Giorgio poteva sentirlo e, come era solito fare, fermava il passo, accostava padiglioni e occhi al di sopra del suo naso e si concedeva quell’ intimo ascolto, ripetendo il gioco di chi brama di indovinare l’esecutore, se sia un principiante, un musicista vero, o niente di tutto questo.

Merry Christmas Mr Lawrence. Inconfondibile attacco. Accordo dopo accordo, tasto dopo tasto. Un brivido, incalzava la giacca di Giorgio, si snodava tra le pieghe del cotone. Un brivido, inconfondibile anch’esso, della medesima consistenza di quello che lo colse dentro il Blue Note di Milano, dentro quel buco con luci blu e aria rarefatta, intensa.

Giorgio era fermo, non si poteva sottrarre a quell’ ascolto pubblico, offerto a lui e a chiunque incrociasse Rue Vielle du Temple, in quella serata parigina altrettanto fredda, di un freddo che non faceva più alcun effetto, ora che lui era tutto preso a non perdere nemmeno una nota, come se questa fosse l’unica cosa utile da fare in una città traboccante di romanticismo a buon prezzo.

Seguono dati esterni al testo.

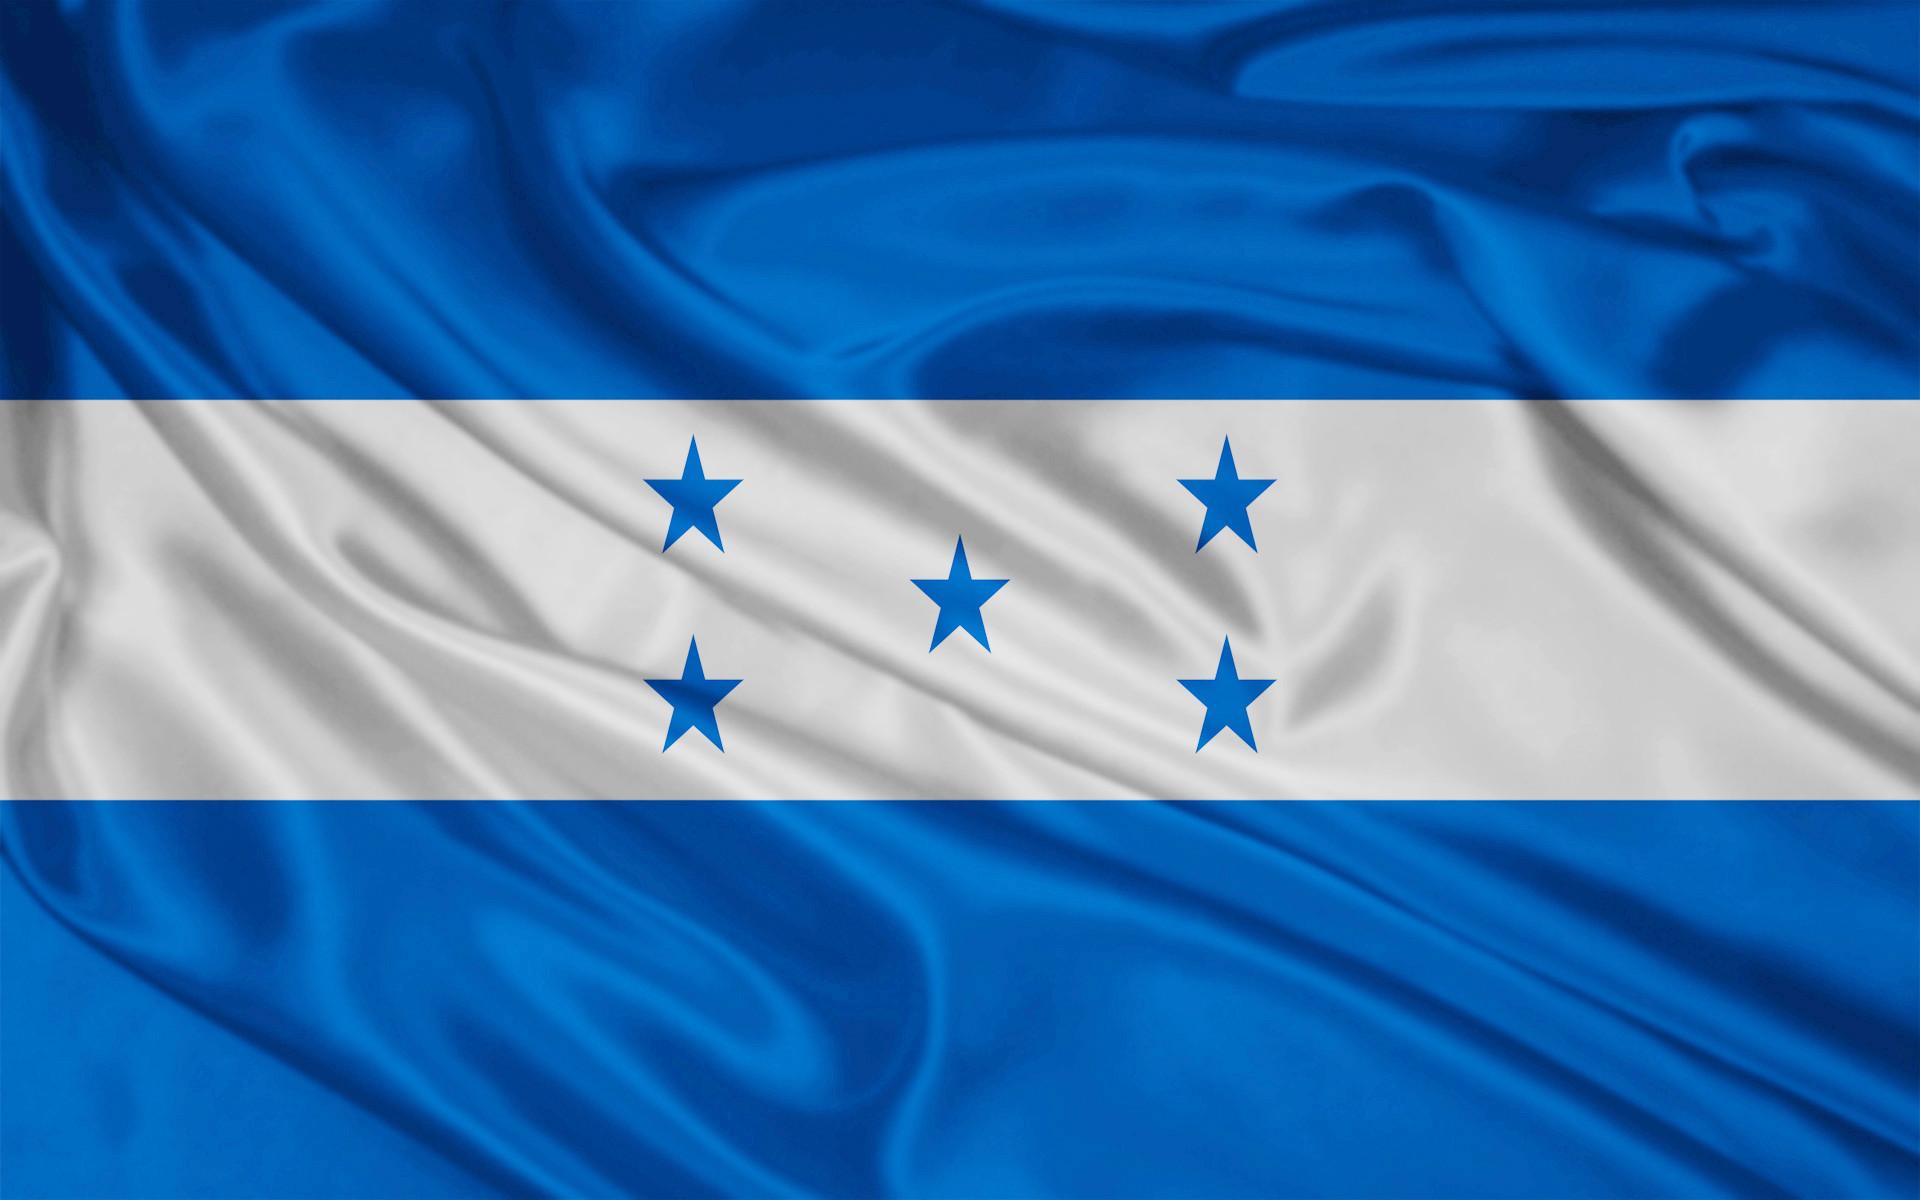 … Yosemite · Next: Honduras Flag. Category: World wallpapers

Quella musica era Livia, era la loro canzone, come se ci fosse ancora una canzone per ogni coppia di amanti che tendono verso questo genere di cose, come se i pezzi  che passano in radio, in passeggiate notturne nelle macchine, fossero roba da dilettanti dei sentimenti. Il loro amore, leggero e lento, intenso, nei pomeriggi al tramonto, acceso sui divani di casa, era nato seguendo il piano di Sakamoto, quella sera a Parigi.

Livia. Il suo nome era abbastanza perfetto per Giorgio, come quei disegni fatti sull’ acqua di cui uno va fiero, come se Keats dalla terra di Testaccio potesse consacrare quel legame scritto sull’acqua.

Livia e non c’era altro da aggiungere. Una fatica fa, per avere un suo sorriso, in mezzo a un mare di indifferenza, di passi scontati, di vie del centro affollate di tanta volgarità inconsapevole. Si erano incontrati per caso, e si erano guardati.

Livia era solita non guardare mai quando camminava in giro. Aveva uno sguardo fiero, di sfida, che taglia l’atmosfera, irraggiungibile.

Conteneva il suo mondo nelle cuffie dell’Ipod, quell’oggetto di cui Giorgio era geloso fino al sangue, al cervello, perché distraeva Livia da tutte le parole intorno, a volte.

Ma quel giorno vinse Giorgio sull ’arnese malefico, perché Livia lo vide, e si tolse le cuffie con forza, come se un frastuono di sensi e fruscii emotivi l’avessero colta nell’ attimo prima del cambio di canzone.

E si fermò. Giorgio di fronte a lei, mentre osservava una noiosa vetrina delle meraviglie, annoiato più del vetro, con la testa a mezz’aria, nell’attesa di niente.

Ci vollero diversi minuti, che per Livia durarono giorni, prima che Giorgio voltasse la testa e si rendesse conto che una ragazza stava mirando verso il suo campo visivo. Con quel fare da finto inconsapevole, con tutta la sua falsa sicurezza, il suo essere saccente anche solo alzando un sopracciglio, Giorgio sorrise.

Livia restò immobile, come paralizzata, come se un fiume di cemento avesse bloccato ogni sua azione vitale, in trance, disarmata.

Si ricompose, frugò nella borsa alla ricerca di tutte quelle cose che sapeva benissimo non essere presenti, con quella velocità figlia di nervosismo e incapacità di inventarsi un piano migliore, con la mente in apnea e il cuore in prognosi riservata, fregata, senza aver neppure iniziato un’ esile battaglia di spudorato orgoglio.

Giorgio era placidamente in grado di scorgere e svelare tutte le frustrazioni, le riluttanze, i riserbi altrui.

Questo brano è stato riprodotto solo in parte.